Moreover, the Biden Administration is reportedly considering tightening
existing restrictions on the export of certain semiconductor
technology to the Chinese semiconductor giant Semiconductor
Manufacturing International Corp. (SMIC), which BIS added to the Entity List in 2020 but
under a presumption of denial only for items “uniquely
required” for production of semiconductors at advanced
technology nodes. The amended rules would eliminate the
“uniquely required” caveat and thereby restrict exports
of a larger range of production technology to SMIC.
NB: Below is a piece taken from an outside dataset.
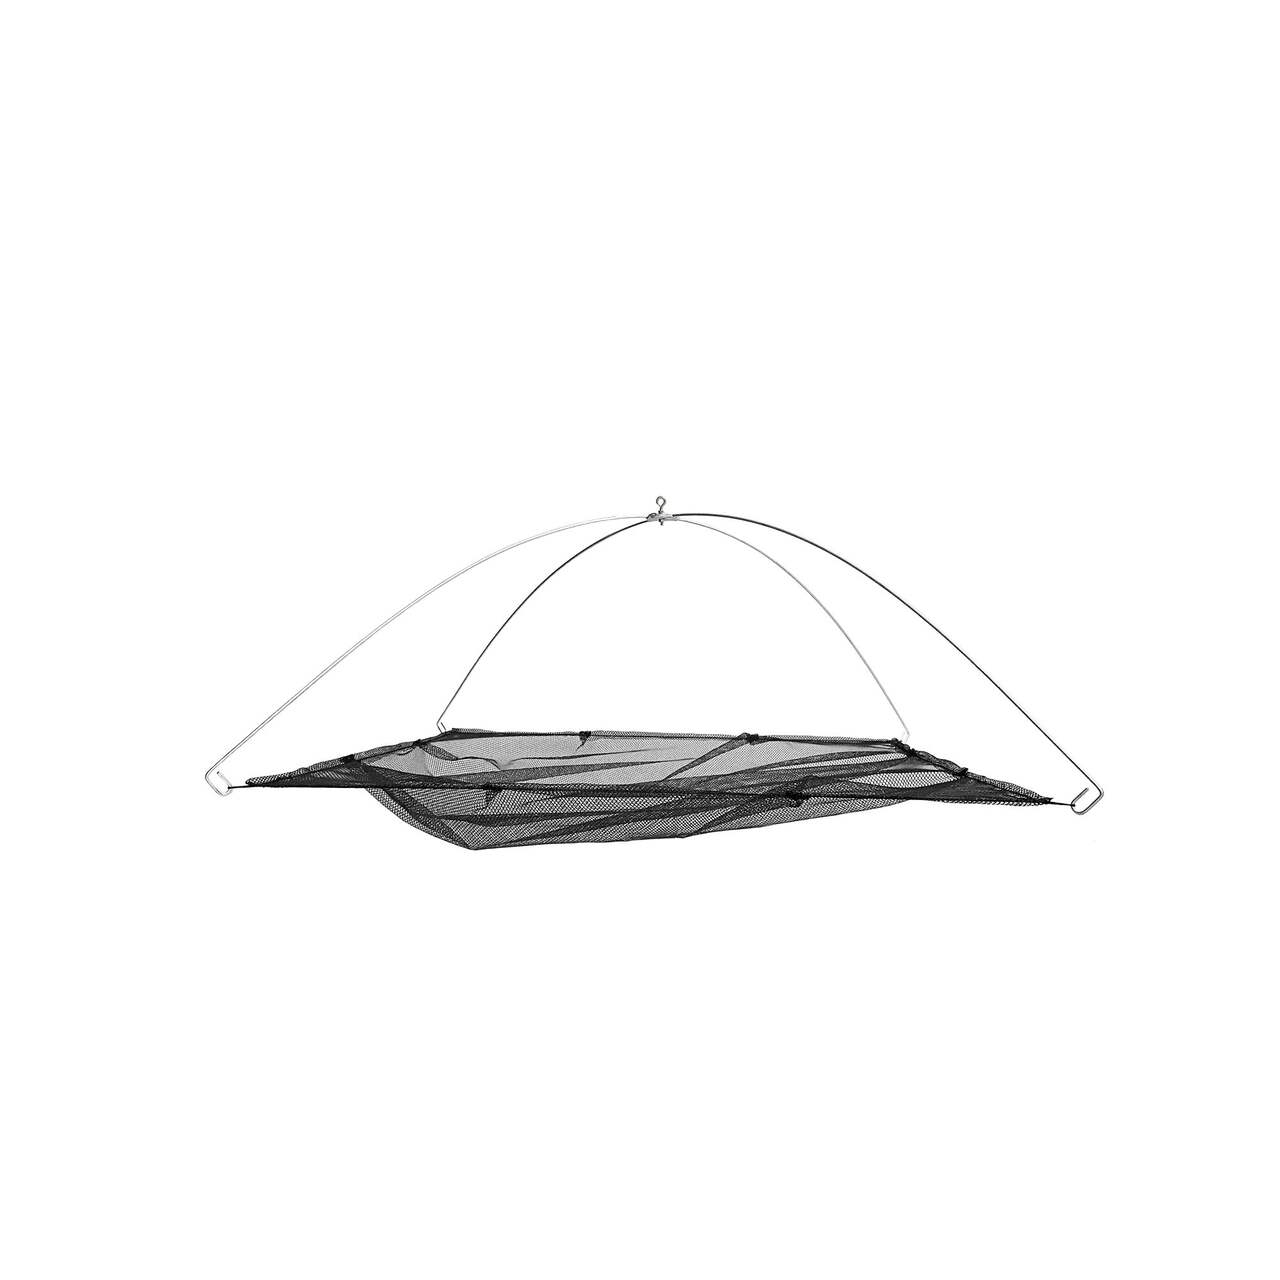 https://media-www.canadiantire.ca/product/playing/fishing/fishing-accessories/0775433/lucky-strike-umbrella-net-40-x-40--2584d327-91ac-47d5-870e-922d06535b8e-jpgrendition.jpg?imdensity=1&imwidth=640&impolicy=mZoom

Legislation Targeting Chinese Forced Labor and Supply Chain
Vulnerabilities

On December 23, President Biden signed into law the Uyghur Forced Labor Prevention Act, which
strengthens a prohibition against the importation of goods made
with forced labor in China. In particular, the legislation requires
US Customs and Border Protection (CBP) to apply a rebuttable
presumption that “any goods, wares, articles, and merchandise
mined, produced, or manufactured wholly or in part in the Xinjiang
Uyghur Autonomous Region of the People’s Republic of
China” or produced by an entity on a list of entities
operating in the region will be prohibited from entry into the
United States. The presumption may be overcome when CBP determines
that the importer has undertaken due diligence and responded to
inquiries and that “by clear and convincing evidence” the
product was not produced with forced labor.

In addition, Section 855 of the National Defense Authorization Act, which
President Biden signed into law on December 27, creates a new
disclosure requirement for firms performing work in China on US
Defense Department contracts in excess of $5 million. This measure
reflects concern that firms performing work for both the US and
Chinese governments could disclose sensitive US national security
information or work product to China.

Implications

The executive and legislative branch actions outlined above
reflect an emerging US policy to reduce US technological,
commercial and financial links to certain sensitive,
high-technology sectors of the Chinese economy, based on both
national security and human rights concerns.

The recent restrictions also indicate that the US government
appears inclined, at least for now, to use list-based sanctions and
export controls to target specific Chinese entities of concern,
rather than technology controls of general application, such as
blanket restrictions on the exports of technologies associated with
AI, semiconductors, quantum computing and biotechnology (although
there are examples of limited measures in this regard, as noted
above). In contrast to restrictions of general application, which
would affect broad categories of technology and could have
uncertain implications for US domestic investment in, and
commercialization of, that technology, list-based sanctions could
potentially have a more predictable effect and fewer unintended
consequences. List-based sanctions are also relatively easy for US
businesses to administer. The US government has to date aimed to
avoid overcontrolling certain technologies so that the United
States continues to facilitate investment in, and commercialization
of, these technologies.

For many companies, the policy measures described above
underscore the continuing challenges of doing business in the
current geopolitical environment—which require not only
compliance with current law but also, in many cases, anticipation
of the likely direction of future changes to US law—as well
as new Chinese laws designed to counter the effect of US
restrictions.

Footnotes

1. Over the past several months, China has also enacted
measures to counter the effectiveness of US sanctions. For example,
as the firm discussed in a previous alert, China’s Anti-Sanctions Law serves
as a blocking statute designed to deter certain parties from
implementing restrictive measures against China, creating
potentially conflicting requirements for those
parties. 

2. These entities are Cloudwalk Technology Co., Ltd.;
Dawning Information Industry Co., Ltd.; Leon Technology Company
Limited; Megvii Technology Limited; Netposa Technologies Limited;
SZ DJI Technology Co., Ltd.; Xiamen Meiya Pico Information Co.,
Ltd.; Yitu Limited; and SenseTime Group Limited.